Fig. 8: Schematic representation of ATG8 delipidation importance for autophagy in the different eukaryotic kingdoms. | Nature Communications

Fig. 8: Schematic representation of ATG8 delipidation importance for autophagy in the different eukaryotic kingdoms.

From: ATG8 delipidation is not universally critical for autophagy in plants

Fig. 8

ATG4-dependent delipidation of ATG8 is considered to be generally conserved in plants, animals, and fungi. However, this process is critical for the early steps of autophagosome maturation in yeast cells (phagophore elongation), while in mammalian cells the same delipidation step is critical for the later stage of autophagy (docking of complete autophagosomes to lysosomes). In this study, we show that although ATG8 delipidation occurs in plants, it is dispensable for autophagy.
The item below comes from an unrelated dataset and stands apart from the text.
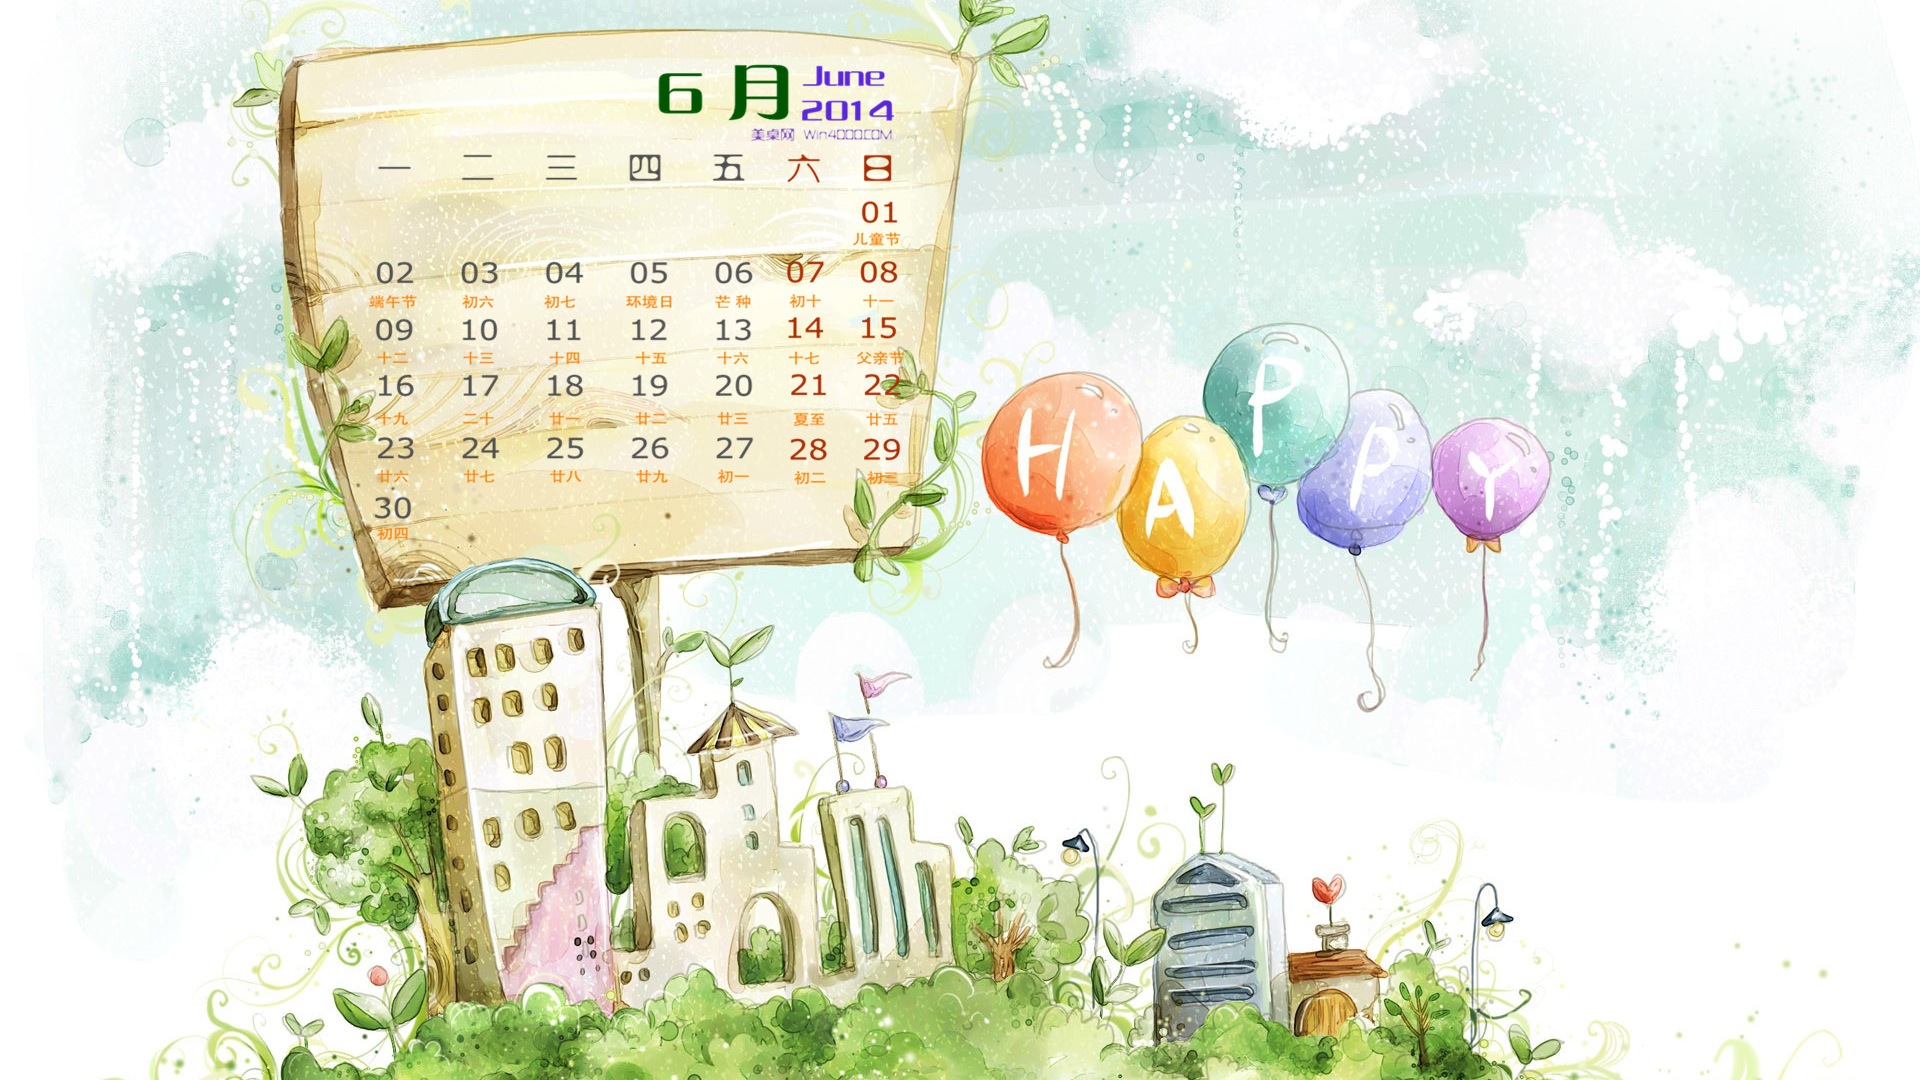 Июнь 2014 календарь обои (1) #11 - 1920x1080

The different roles ATG8-delipidation plays in autophagosome maturation might be representative of autophagy adaptation to the various strategies for the lytic compartment (single large immobile vacuoles in plant and yeast cells vs numerous small motile lysosomes in animal cells), for phagophore assembly sites (single site in yeast vs numerous sites in animal and plant cells), and autophagosome trafficking towards the lytic compartment (autophagosome formation in the proximity to the vacuole in yeast, trafficking of autophagosomes towards immobile vacuole in plants, coordinated trafficking of autophagosomes and lysosomes to their meeting spot in mammalian cells). C cargo, N nucleus, PE phosphatidylethanolamine.